The camera translates jangled nerves and unstable individuals to jittery movement or, conversely, complements calm conviction with unyielding stillness. Strong art direction (scenes suffused with orange or blue light), unnerving and unearthly music, and fine, stylized acting gives this challenging film uniquely haunting qualities and philosophical import. Rin is played by a Japanese model named Ryo who has become a charismatic actress. As the doctor, Masahiro Motoki shows remarkable range, as does director Tsukamoto who is better known for his Tetsuo the Iron Man. Japanese horror films involve more suggestion than their American equivalent, which adds to mood and flights of fancy. So while a willing suspension of disbelief is required, it is also more than amply rewarded in Gemini, sufficiently complex that it invites reconsideration for some time after its conclusion.
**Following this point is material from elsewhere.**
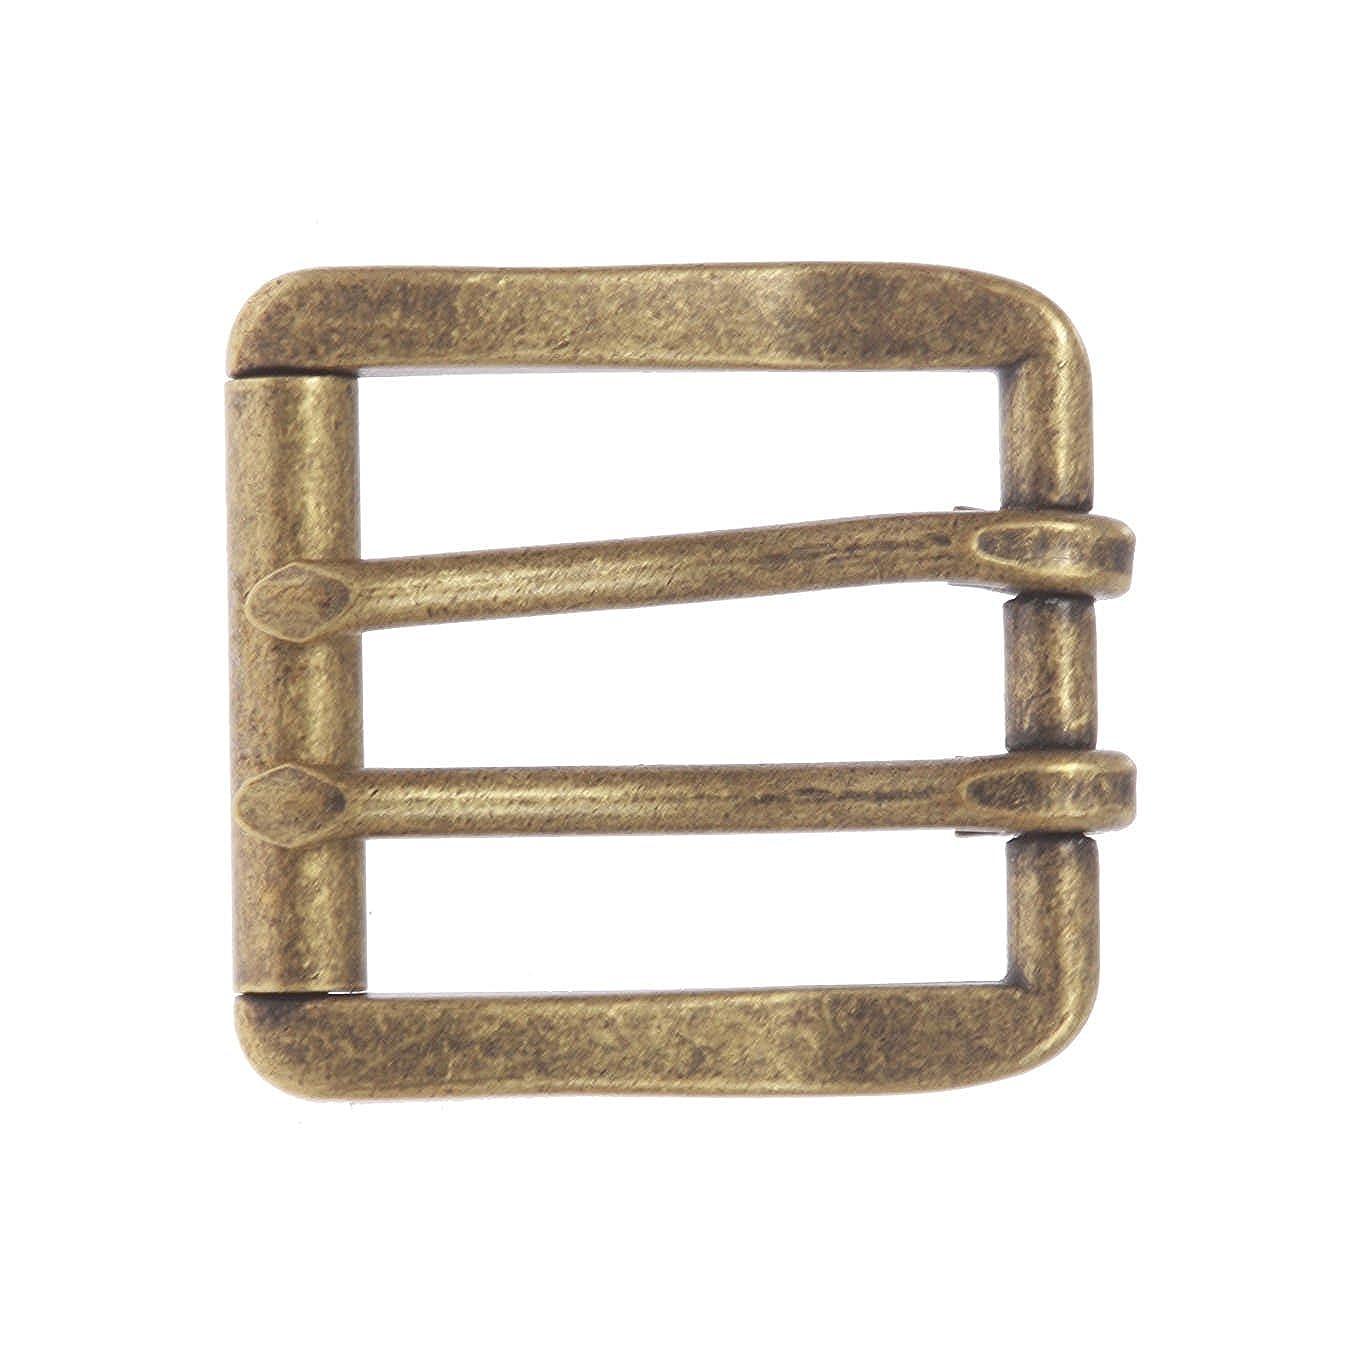 BBBelts Men Solid Brass 2 Prong Center Bar Square Roller Buckle For 1-1//2 Belts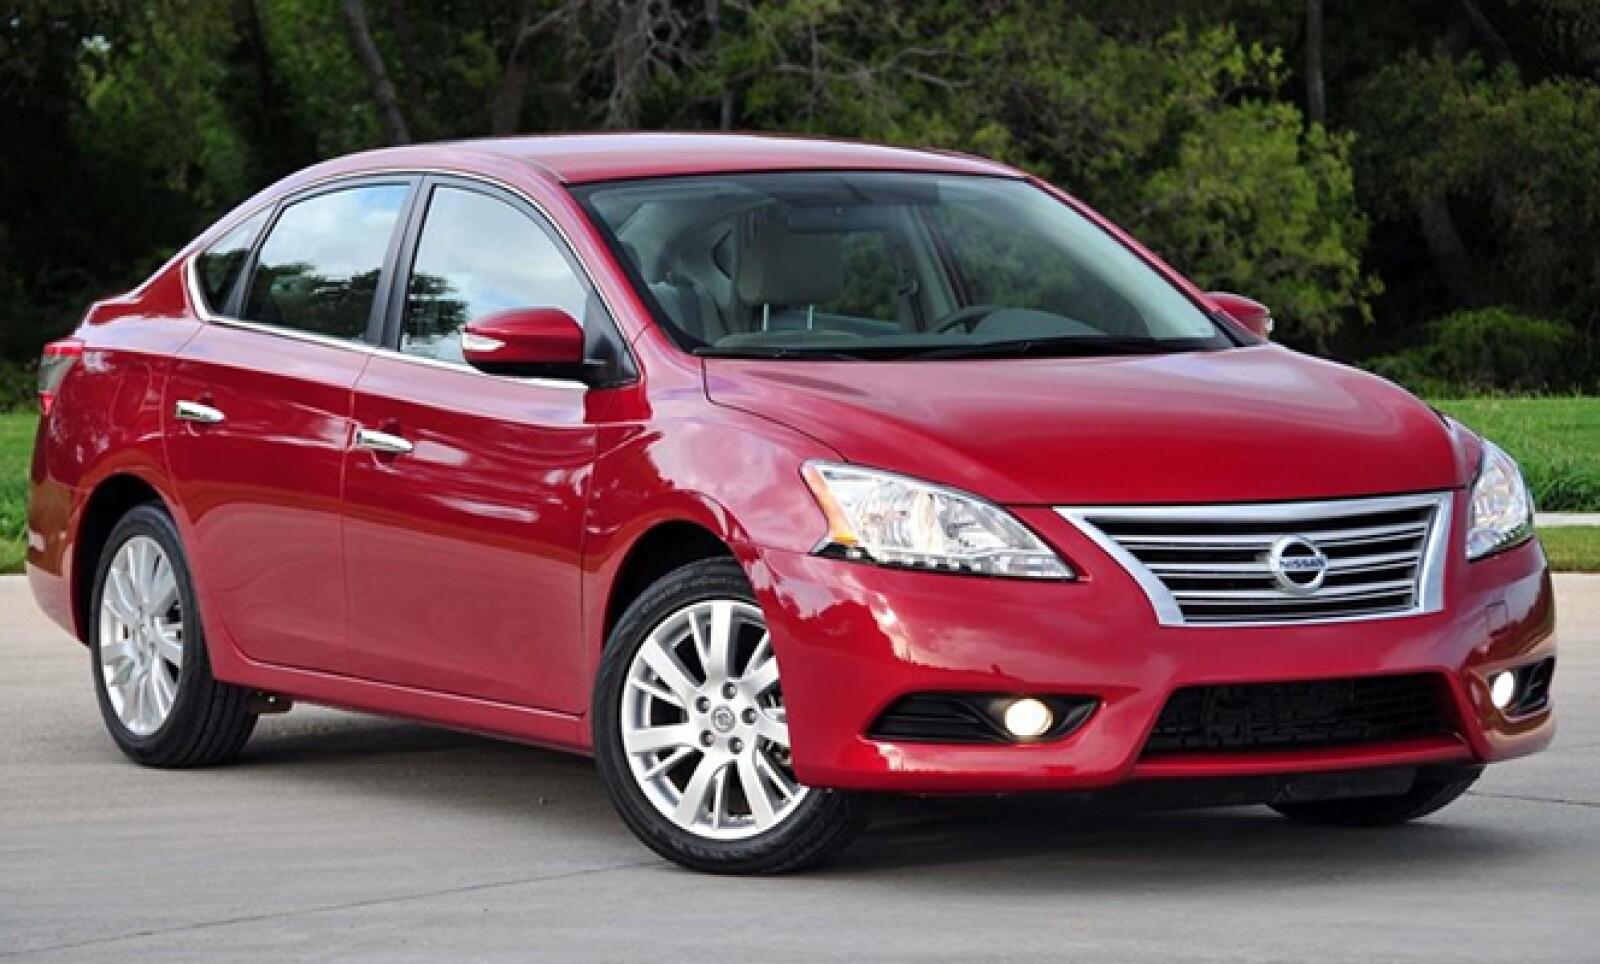 El modelo Sentra de Nissan presenta un defecto en el software que activa las bolsas de aire.

In Japanese with English subtitles. Gemini will be shown at 7:30 p.m. Tuesday, January 27 [2004], in the Lewis Room, Fontbonne University Library, 6800 Wydown. Call 314-719-8061 for more information.
 
this was pretty good. i could spoil it all if anyone wants to know what it's about.

they're showing asian horror films the next 6 weeks, and this was the first. remaining 5:
Momento Mori
Uzumaki
Big Head Monster
Pulse
Sorum

anyone seen any of these?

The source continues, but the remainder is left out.